Practicing mindfulness can help you dis-identify from catastrophic thinking. We can recognize that a thought is not always real. An excellent way to work with extreme states of anxiety is to let your scary images and thoughts recede and focus exclusively on the sensations in your body.
Movement and exercise are excellent ways to lower anxiety and depression. We tend to freeze when we feel frightened and powerless. Even tiny movements of your head, neck, fingers, or joints can help loosen the grip of frightening images, thoughts, and emotions. As for exercise, you can find lots of free videos on YouTube to work out to at home. Gaia.com offers a plethora of yoga classes and guided meditations to stay grounded and centered.
Paying attention to how you are breathing can also radically change your state. Shallow breathing in the upper body, or holding your breath contribute to stress while breathing from your gut, slowing down the breath, and using a technique called the 2-1 breath are all stress-inhibiting. With the 2-1 method, you count the length of your inhale and exhale for twice as long.
What’s Your Passion & Presence Playlist?
We can calm our anxiety in these powerful ways, and at the same time, we can find ways to feel more fully alive. What feels uplifting, enriching, and fun for you?

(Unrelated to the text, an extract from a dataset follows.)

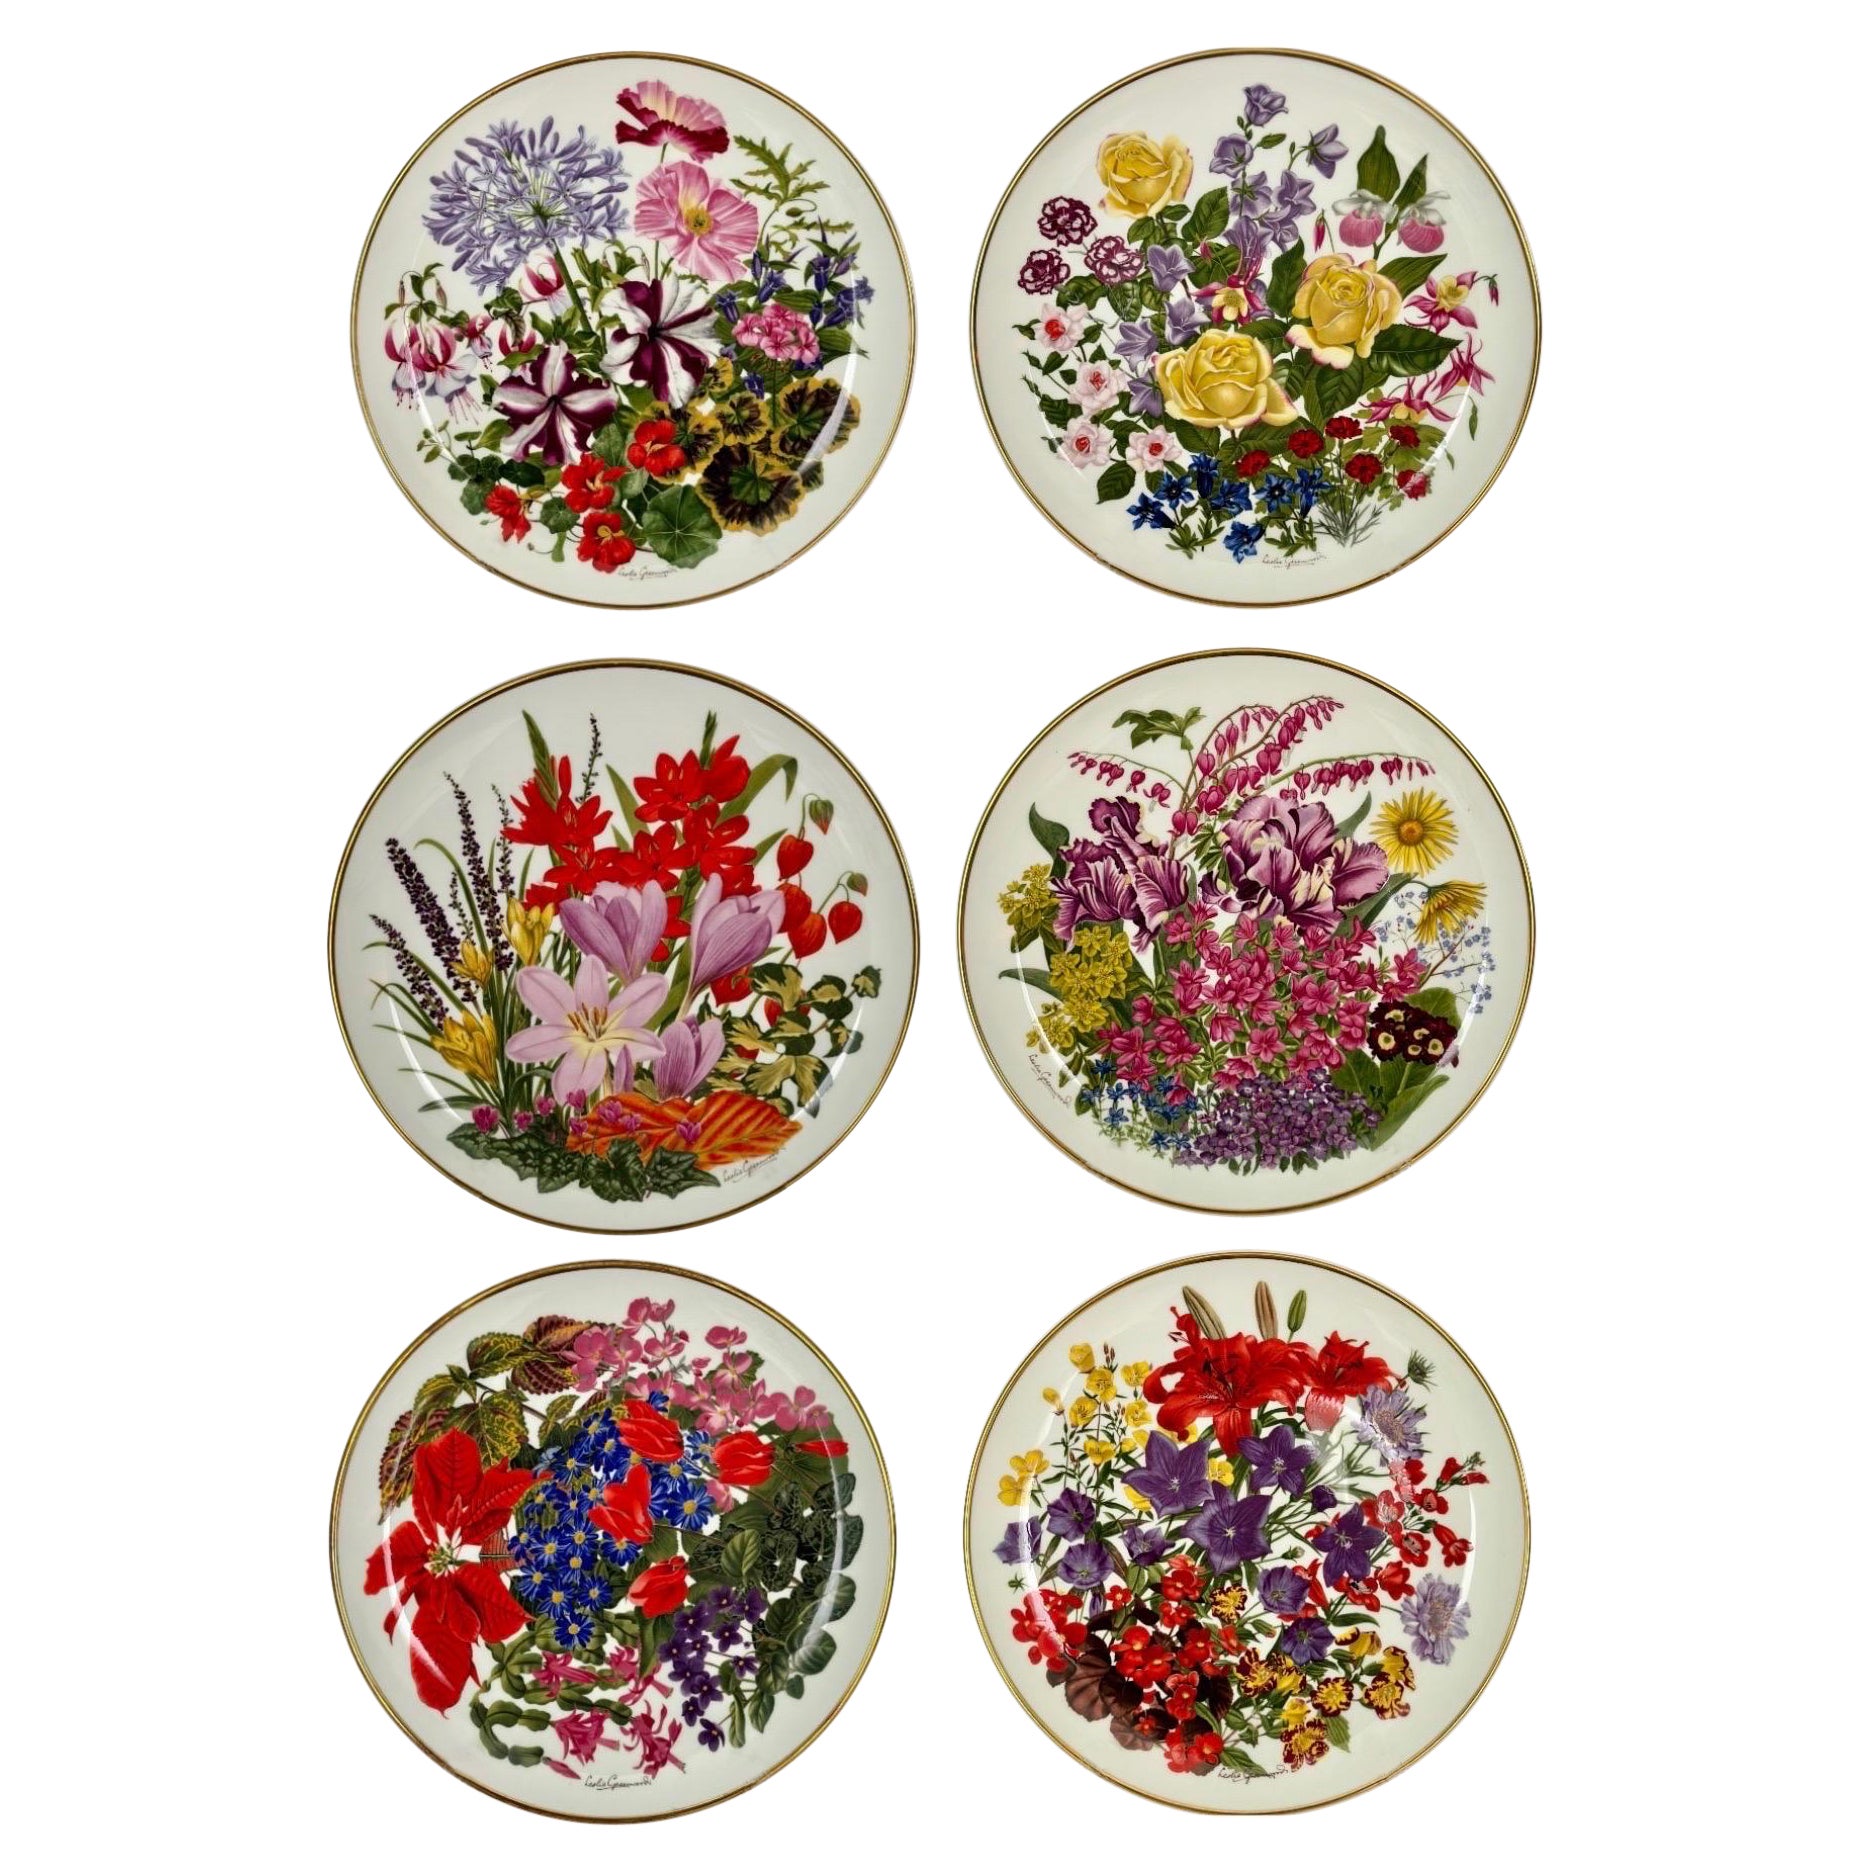 1970 Angleterre Wedgewood Assiettes à fleurs en porcelaine - Lot de 6 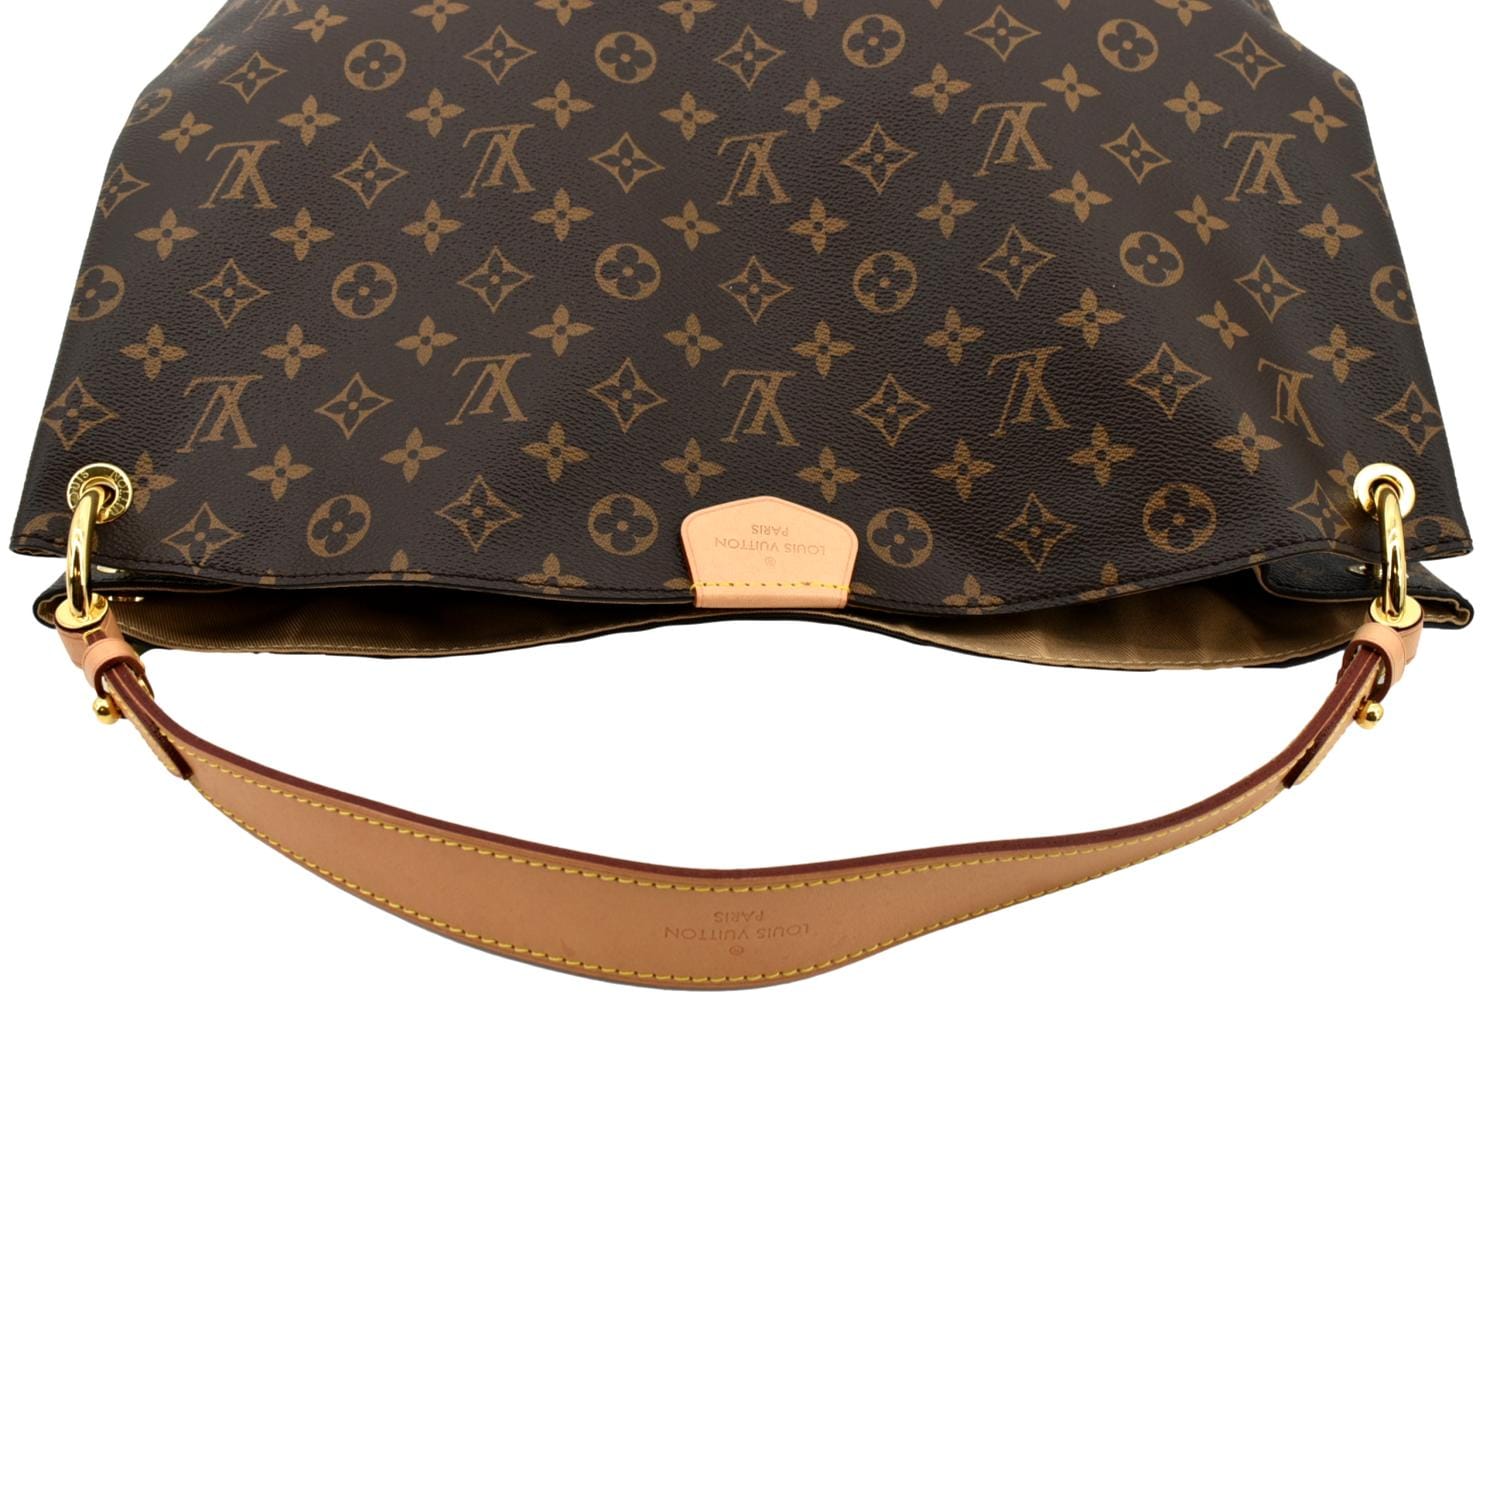 Gorgeous Authentic Louis Vuitton Monogram Graceful MM Hobo Bag

It’s lovely to see how so many musicians, artists, opera companies, and other institutions such as New York Public Library or PBS have made their offerings free and online. As you explore these options, you could think of it as putting together your own personal “playlist” of music, art, and books that help keep you present and passionate about life.
We will be sharing these offerings through my Facebook page, Passion and Presence, so please check it out and tell us what is calming and uplifting for you.
What Works Best for You?
So, after you’ve tried some of these strategies, ask yourself what calms you most effectively? It is reaching out to others over the phone or video chat, listening to calming or mood-boosting music, looking at photos of loved ones, or petting your dog? Is it using one of the many apps that are now available to lower anxiety? Or is it sticking to familiar routines that put your mind on something ordinary and predictable?
Notice what both lightens your spirits and builds your resilience. What is it that calms your anxious brain as you live in this age of social distancing?